# SUPPLIED MATERIAL:
··········

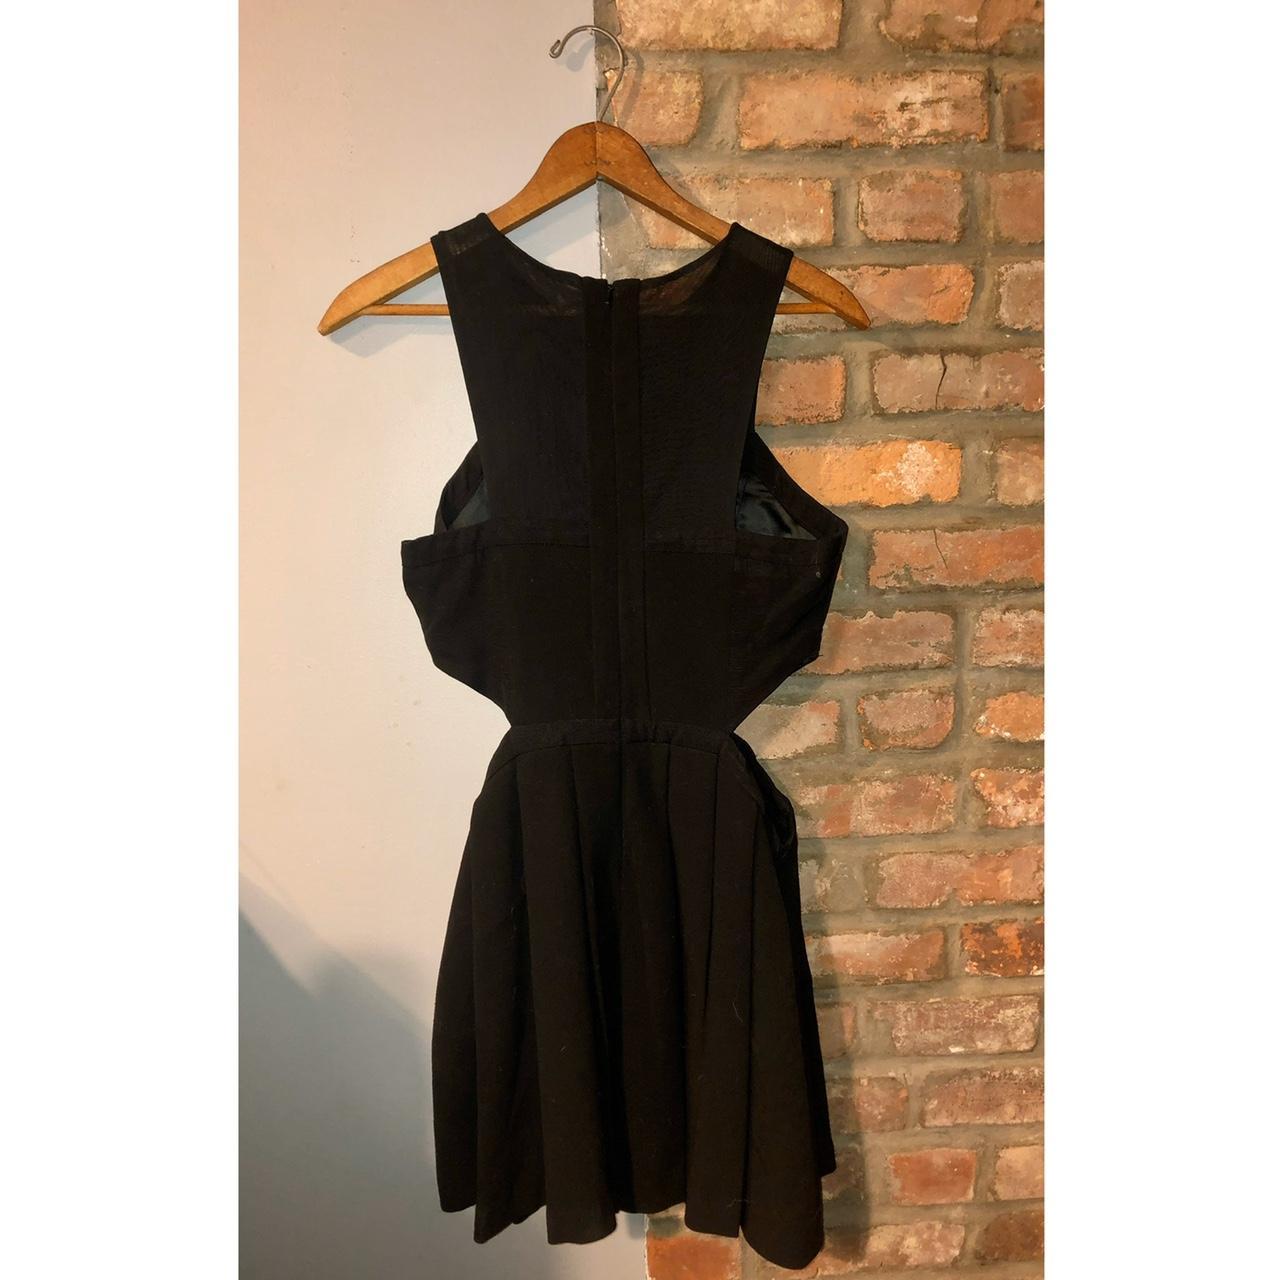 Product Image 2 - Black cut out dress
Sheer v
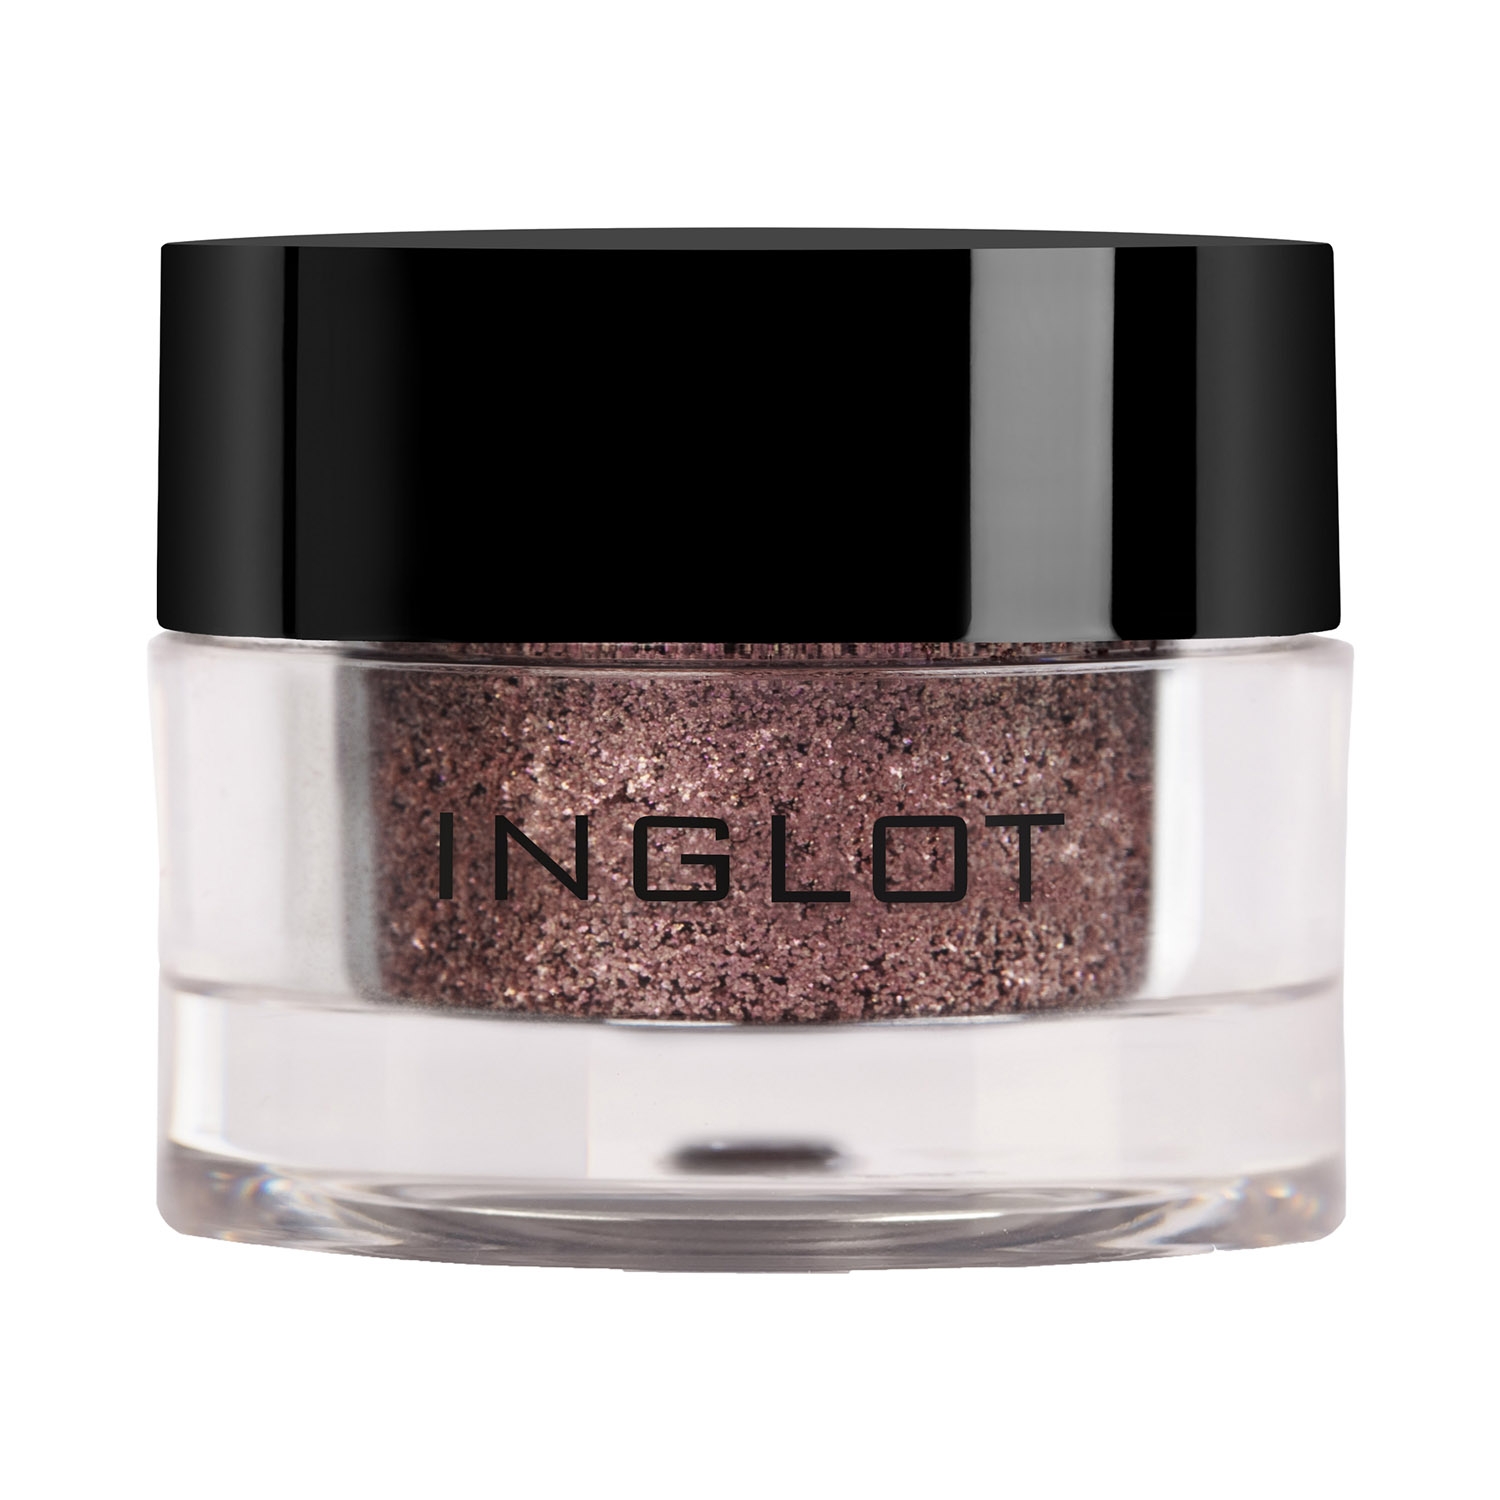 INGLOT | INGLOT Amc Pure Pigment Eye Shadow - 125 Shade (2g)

··········

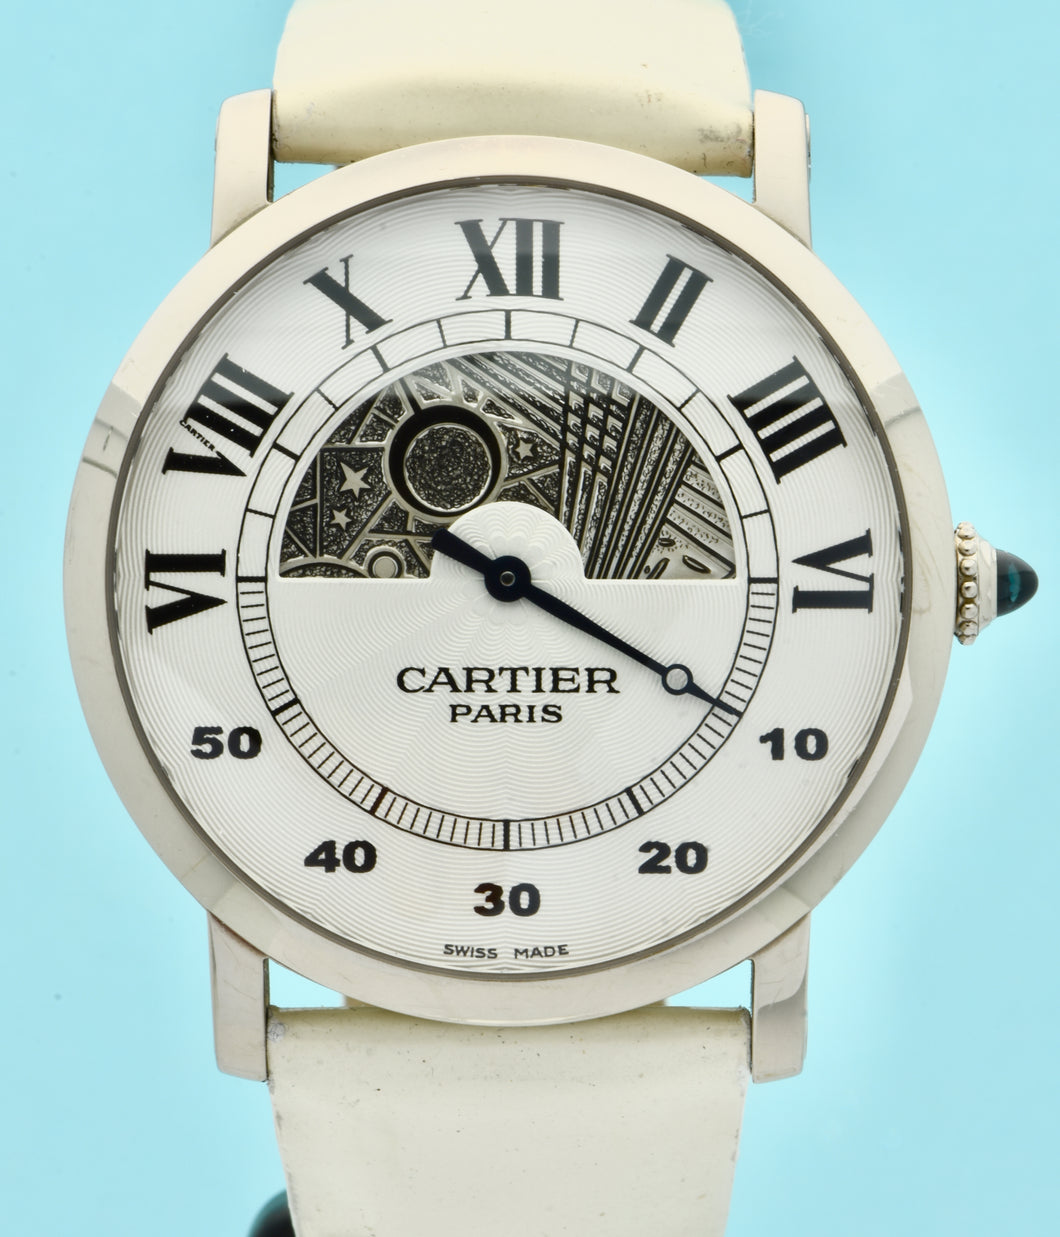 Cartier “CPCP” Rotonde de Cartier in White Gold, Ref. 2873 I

··········

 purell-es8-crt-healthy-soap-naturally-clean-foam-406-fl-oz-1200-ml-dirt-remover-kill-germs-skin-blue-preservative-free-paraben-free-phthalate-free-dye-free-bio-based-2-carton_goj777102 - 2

··········

# DIRECTIONS FOR THIS TASK:
The material above holds pictures; leave them out and set down exactly the lines from the line with "Product Image 2 - Black cut out dress" to the line with "INGLOT | INGLOT", both included.

# SOLUTION TO THIS EXERCISE:
 Product Image 2 - Black cut out dress
Sheer v
 INGLOT | INGLOT Amc Pure Pigment Eye Shadow - 125 Shade (2g)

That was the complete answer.